Yesterday, I pondered how the increasingly unhinged Nativity! franchise could possibly top part 3's bonkers shenanigans. The answer to that question is they go full-on rock opera, with 2018’s Nativity Rocks! that sees the staff and pupils of St. Bernadettes audition for a place in a spectacular rock musical competition…at Christmas, of course. However, sadly, part four is not as bonkers, inventive or as funny as previous entries. There are no trips to America, no quest through the Welsh valleys, though there is a bit of social commentary on Brexit, bizarrely.
Clearly, few of the franchise’s main cast could be bothered to return, including - gasp! - Marc Wootton’s irreplaceable Mr Poppy. But they plough ahead anyway, falling back on that old chestnut - the hitherto unmentioned long-lost brother who also acts like an insufferable man-child.
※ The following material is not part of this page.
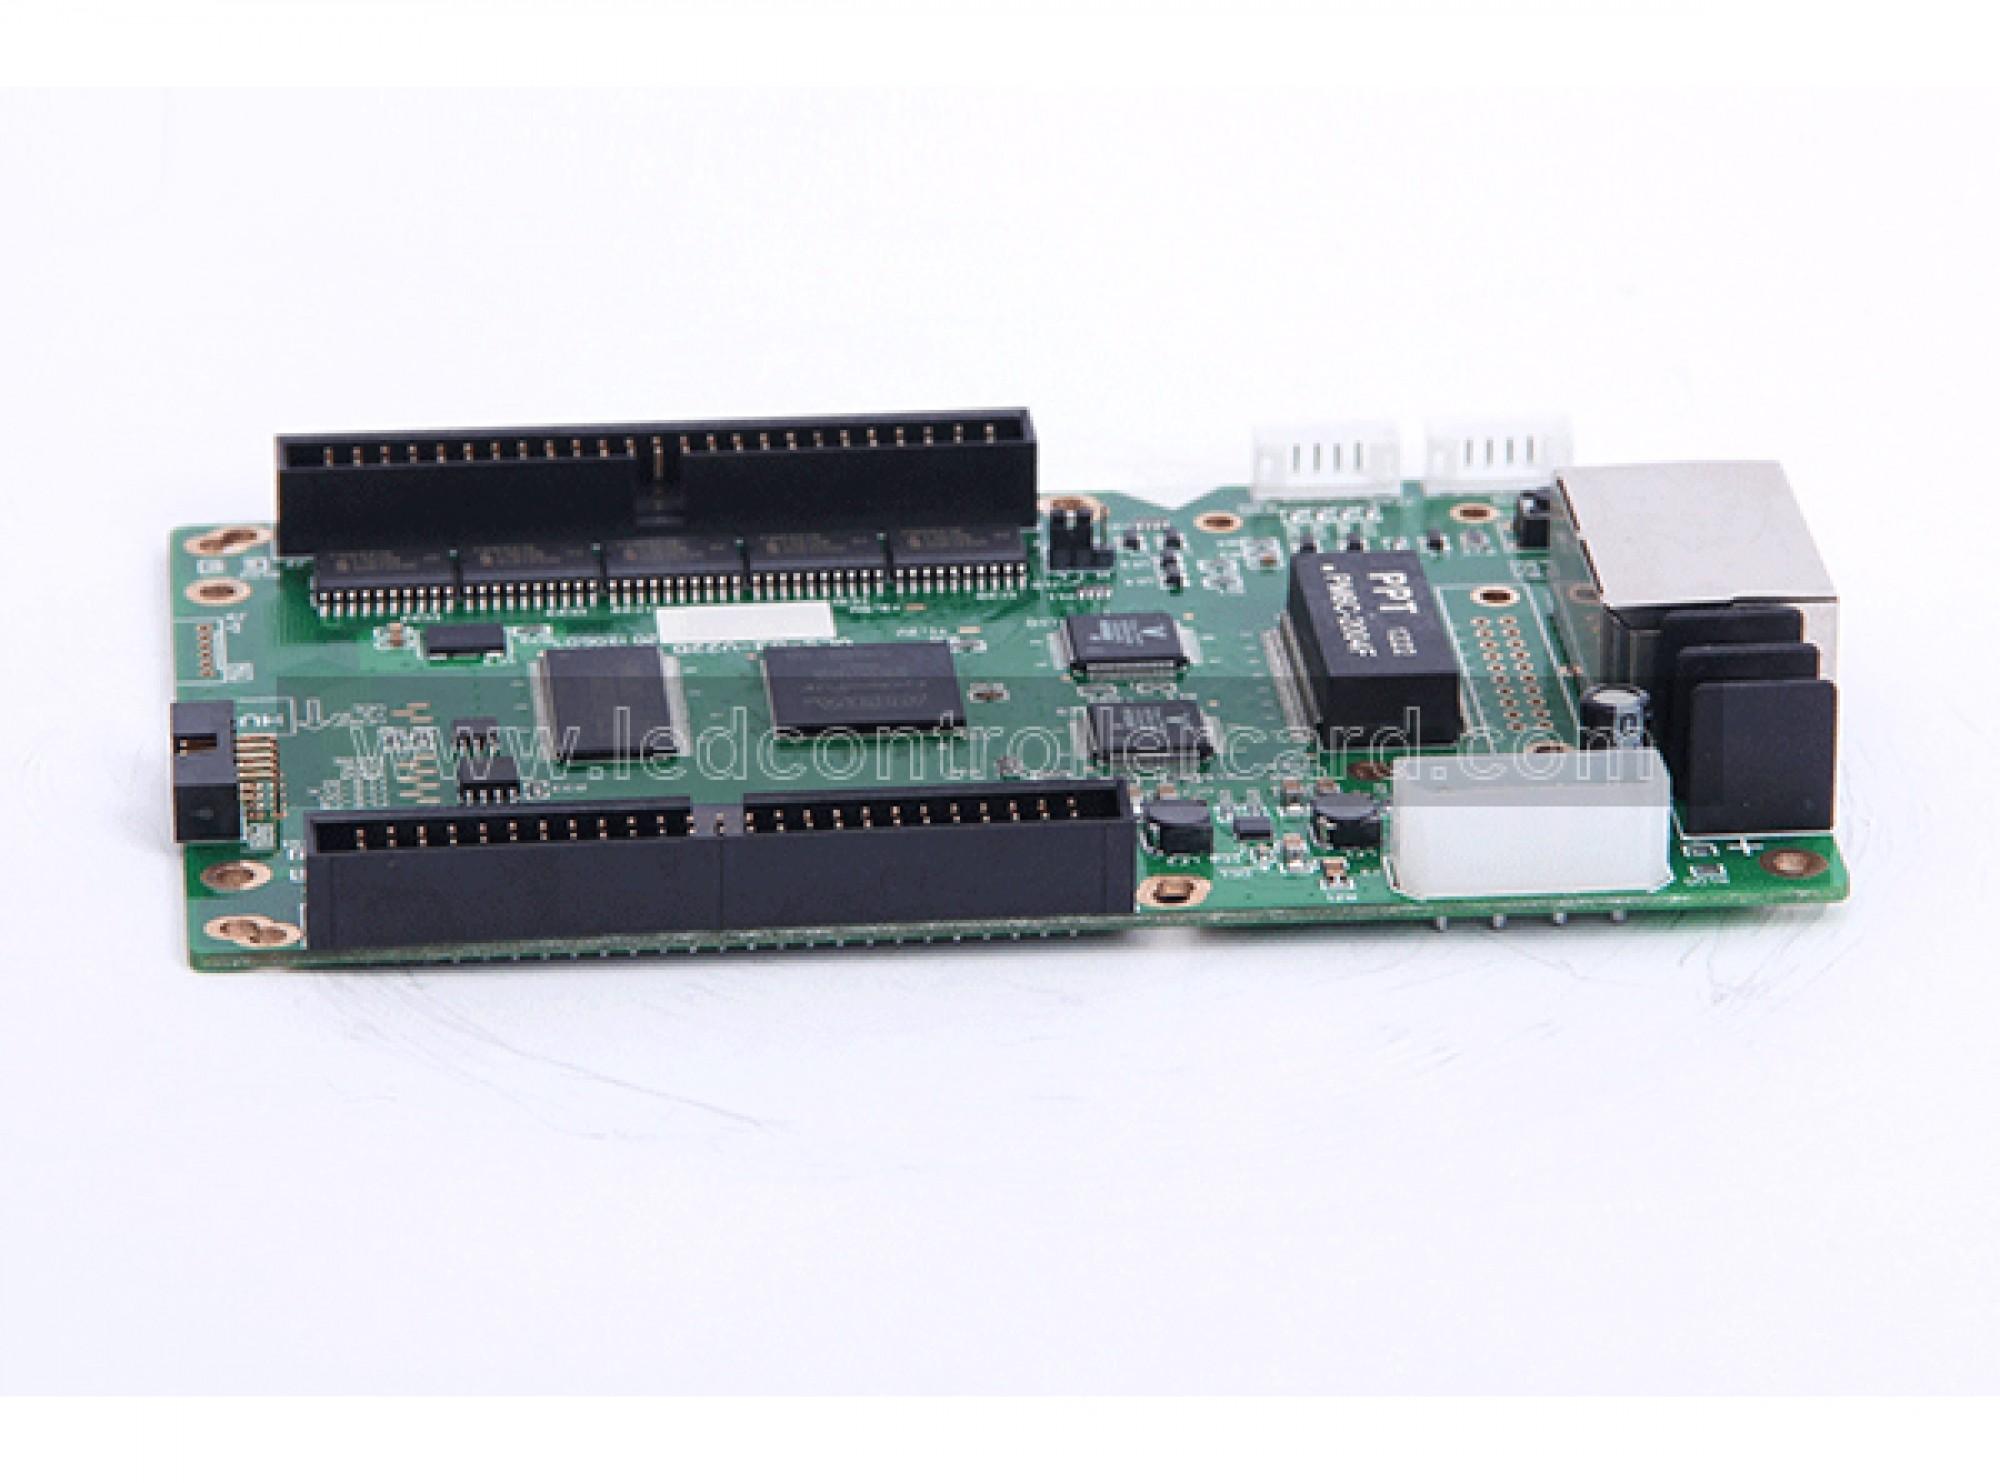 Mooncell VCSG3-V22D Receiving Card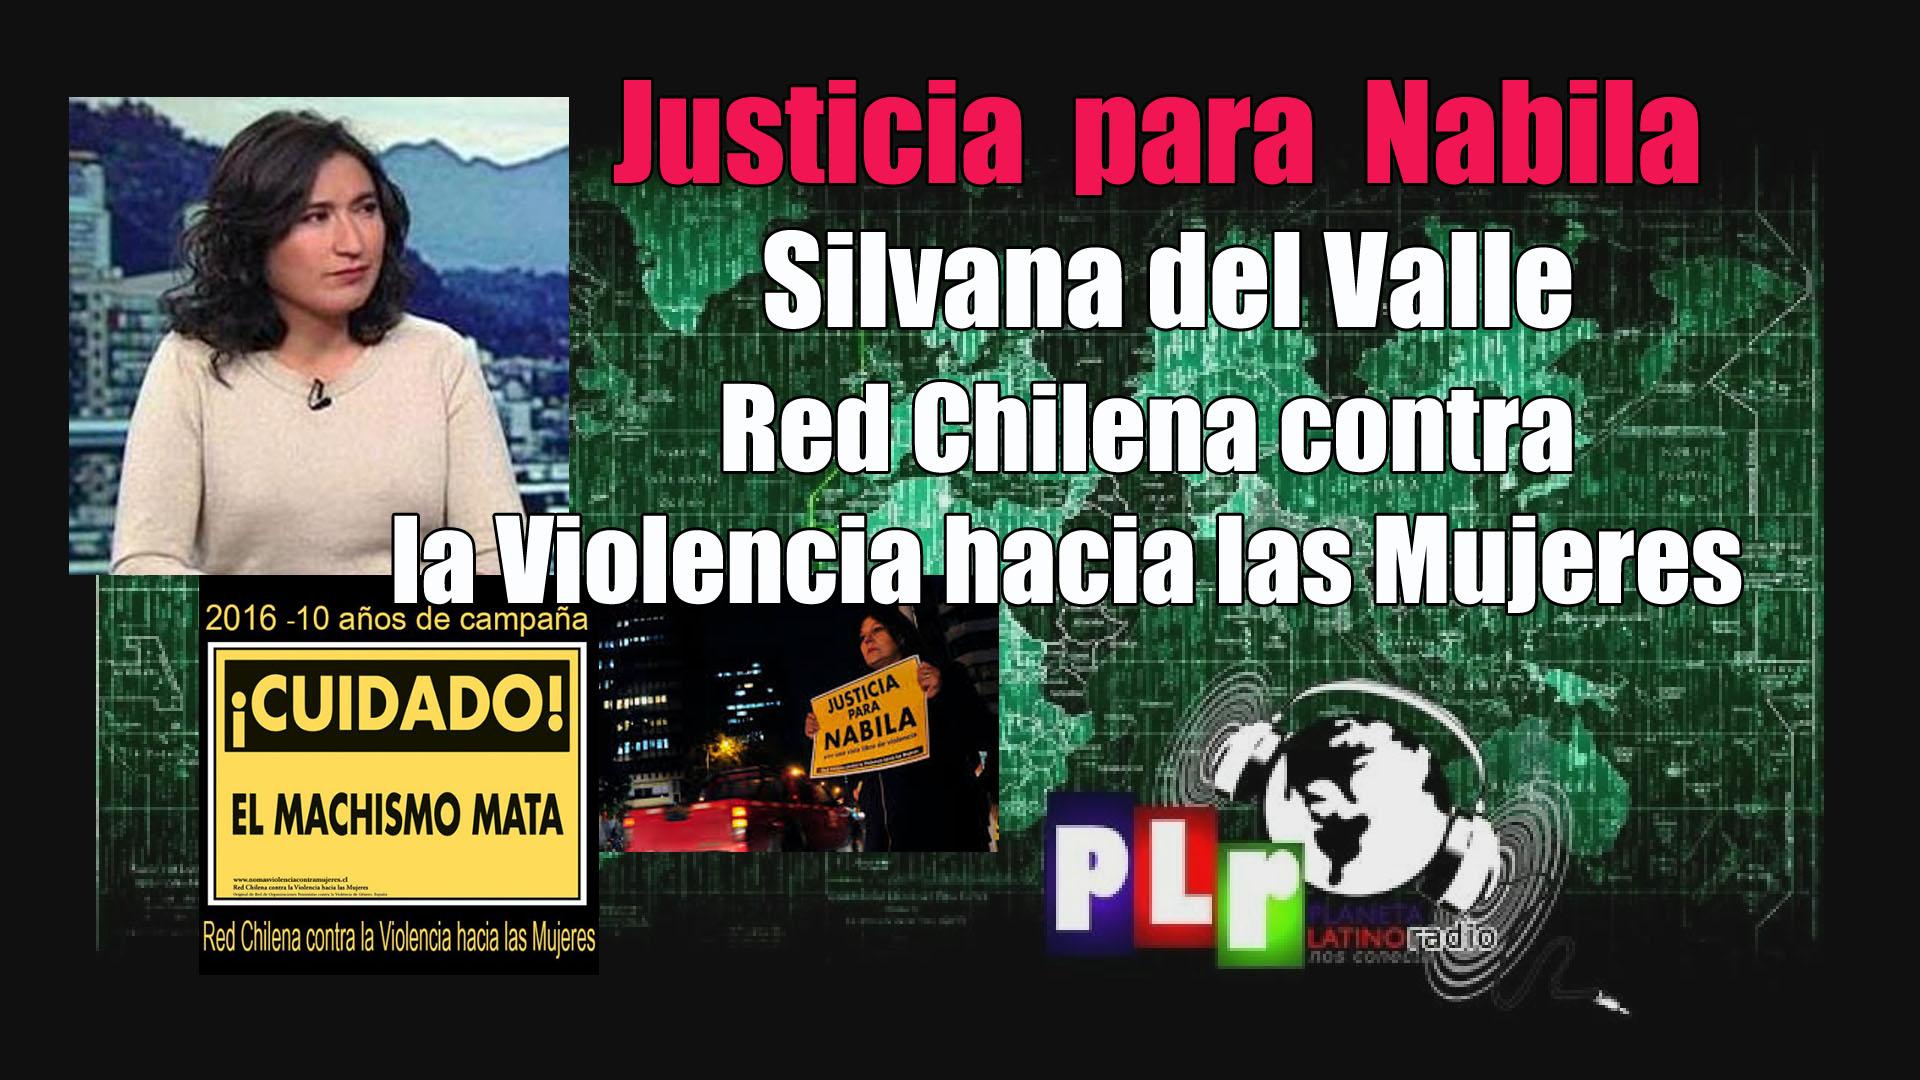 Nabila, el caso que conmociona Chile. El juicio en tribunales y en los medios de comunicación

Simon Lipkin is Jeremy Poppy, the dimwitted sibling who makes a festive pilgrimage to St Bernadettes just in time to discover his bro has left for Australia. But hey-ho, one immature simpleton is as good as any, the film assumes, much to its detriment. Lipkin is okay, but it’s so clear he’s been hired to do a Mr Poppy impersonation that it feels insulting.
The half-heartedness continues with this year’s Christmas musical contest involving a ‘rock opera’, meaning there’s less fun original compositions and many semi-cute covers of done-to-death rock standards like ‘Born to be Wild’, ‘Bat Out of Hell’, ‘Since You’ve Been Gone’ and so on, with Lipkin doing his best to go full-on Jack Black. Yep, it all feels like an uninspired School of Rock knock-off, albeit one with a bold subplot about a young Syrian refugee separated from his Steppenwolf-loving dad (Ramin Karimloo). Displaced Doru (Brian Bartle)’s journey that sees him arrive at the school is far-fetched but after that dancing donkey, doesn’t seem like such a stretch.
The whole thing has much more of a whiff of panto cheese about it, with TV’s Strictly… star Craig Revel Horwood proving very unconvincing as ageing rocker/villain Emmanuel Cavendish. We’re also asked to swallow that Cavendish and Jeremy knew each other as children, despite a staggering twenty year age difference.
Various British sitcom stars make cameo appearances, but don’t have much to work with and everything feels tired and flat. For me, the strength of the series has been its original songs, high concept and Wootton’s manic, unpredictable teaching assistant. Shorn of all of these things, Nativity Rocks! is a big letdown, though not without the occasional inspired moment of madness. The rock-inspired, baffling re-telling of the Nativity with motorbikes and leather and stuff is amusing but watching kids jump about to overly familiar (and not-at-all Christmassy) rock classics isn’t anywhere near as much fun as having them do impromptu yuletide flash mob raps about amnesia-curing donkeys. A fifth film has yet to materialise and, judging on the evidence of this one, I doubt we’ll get one any time soon. Mind you, this one’s probably alright if you’re eight years old and love both pooh jokes and Meat Loaf.